Return to tiff.’s home page

Canadian Film Encyclopedia

Shopping Cart
 

The Education of Phyllistine


Year: 1963
Language: English
Format: 16mm Black & White
Runtime: 56 min
Director: Philip Keatley
Producer: Philip Keatley
Writer: Paul St. Pierre
Cinematographer: Kelly Duncan
Editor: John Fuller
Sound: Norm Rosen, Dick France, Walter Marsh
Music: Ricky Hyslop
Cast: Frank Crowson, Chief Abby, Chief George, Nancy Sandy, Marcia Belisle

This affecting drama was part of the popular Cariboo Country series produced in the Canadian Broadcasting Corporation’s Vancouver studio in the early sixties. The Education of Phyllistine follows a young, orphaned Native girl (Nancy Sandy) who is uprooted from her reserve and thrust into the alien world of an all-white school, simply so the school can qualify for a provincial grant.

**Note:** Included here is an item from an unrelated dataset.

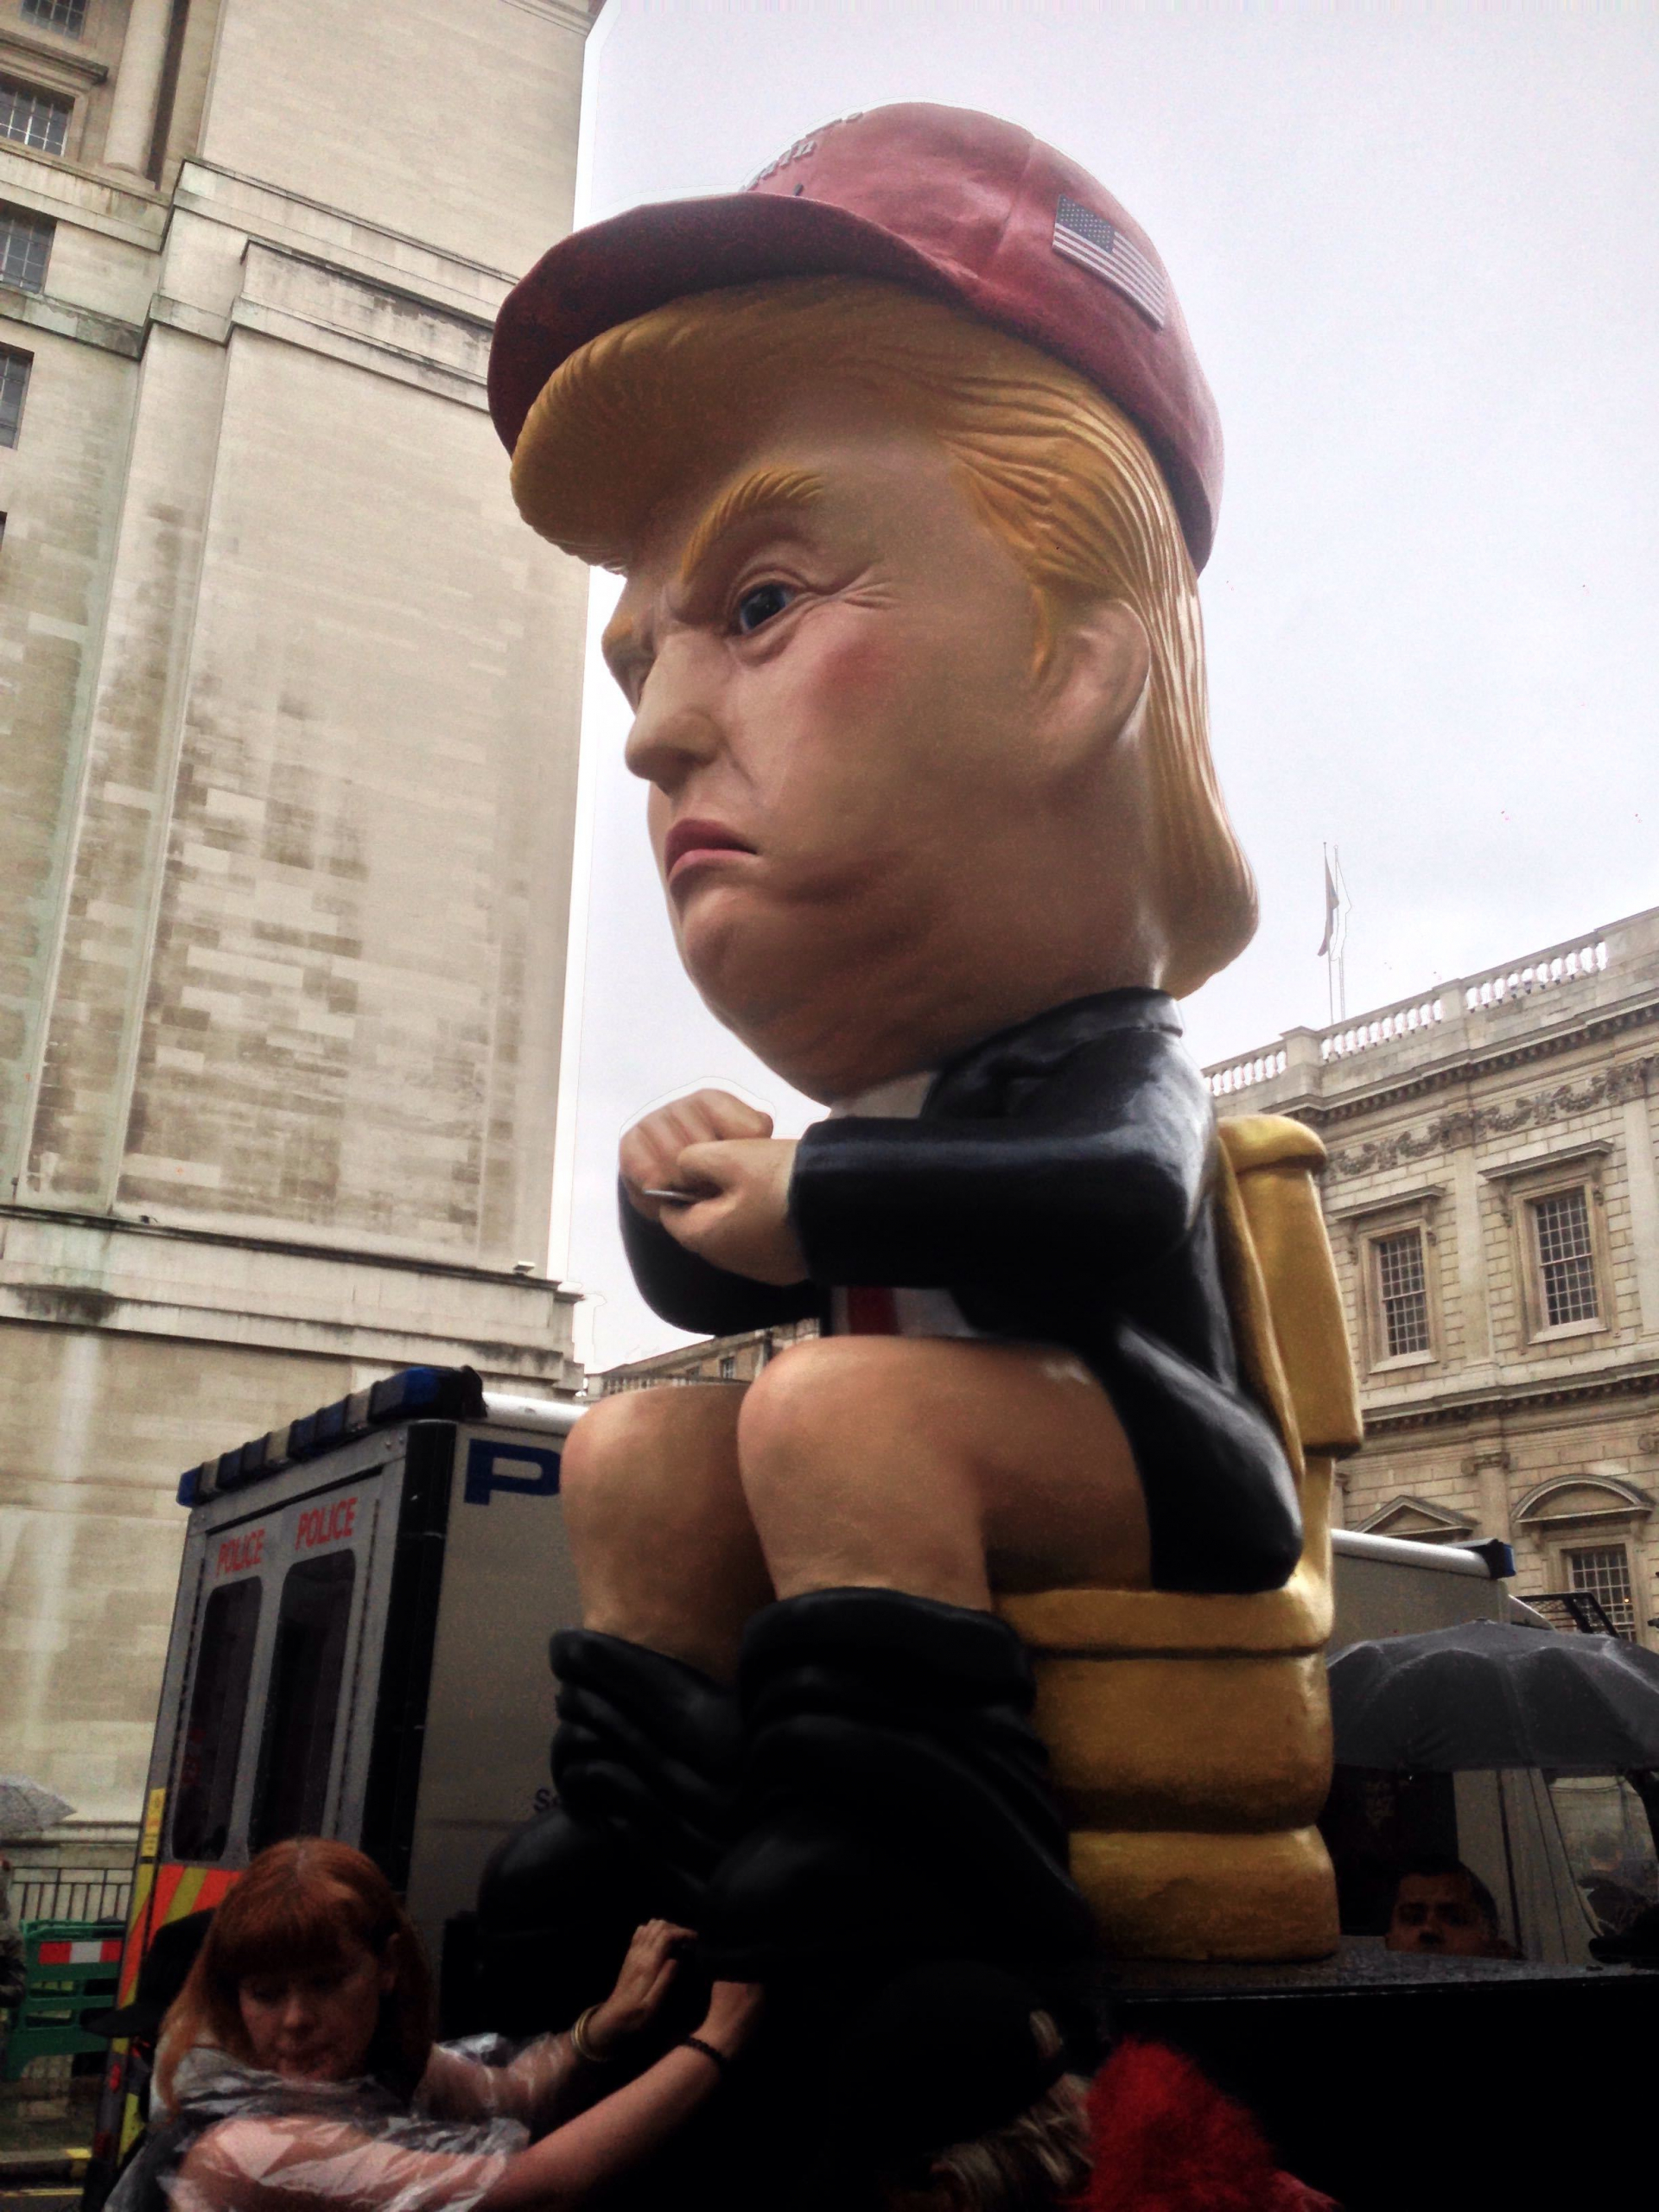 London's Trump Protest: A Photographic Journey

An impressive achievement in its own right, the film is also an important early example of both the television docudrama form and the regional drama. In much the same way as the CBC Vancouver documentary style (e.g. Allan King’s Skidrow) influenced later CBC documentaries, so CBC Vancouver drama (especially the Cariboo Country series) was to prove a model for much of the CBC drama of the sixties.

The Education of Phyllistine – which marked the acting debut of Chief Dan George (in the role of Ol’ Antoine) – won numerous international awards and a Canadian Film Award as best film for television. The original two-part drama was repeated in a one-hour block on the CBC series Festival in 1967.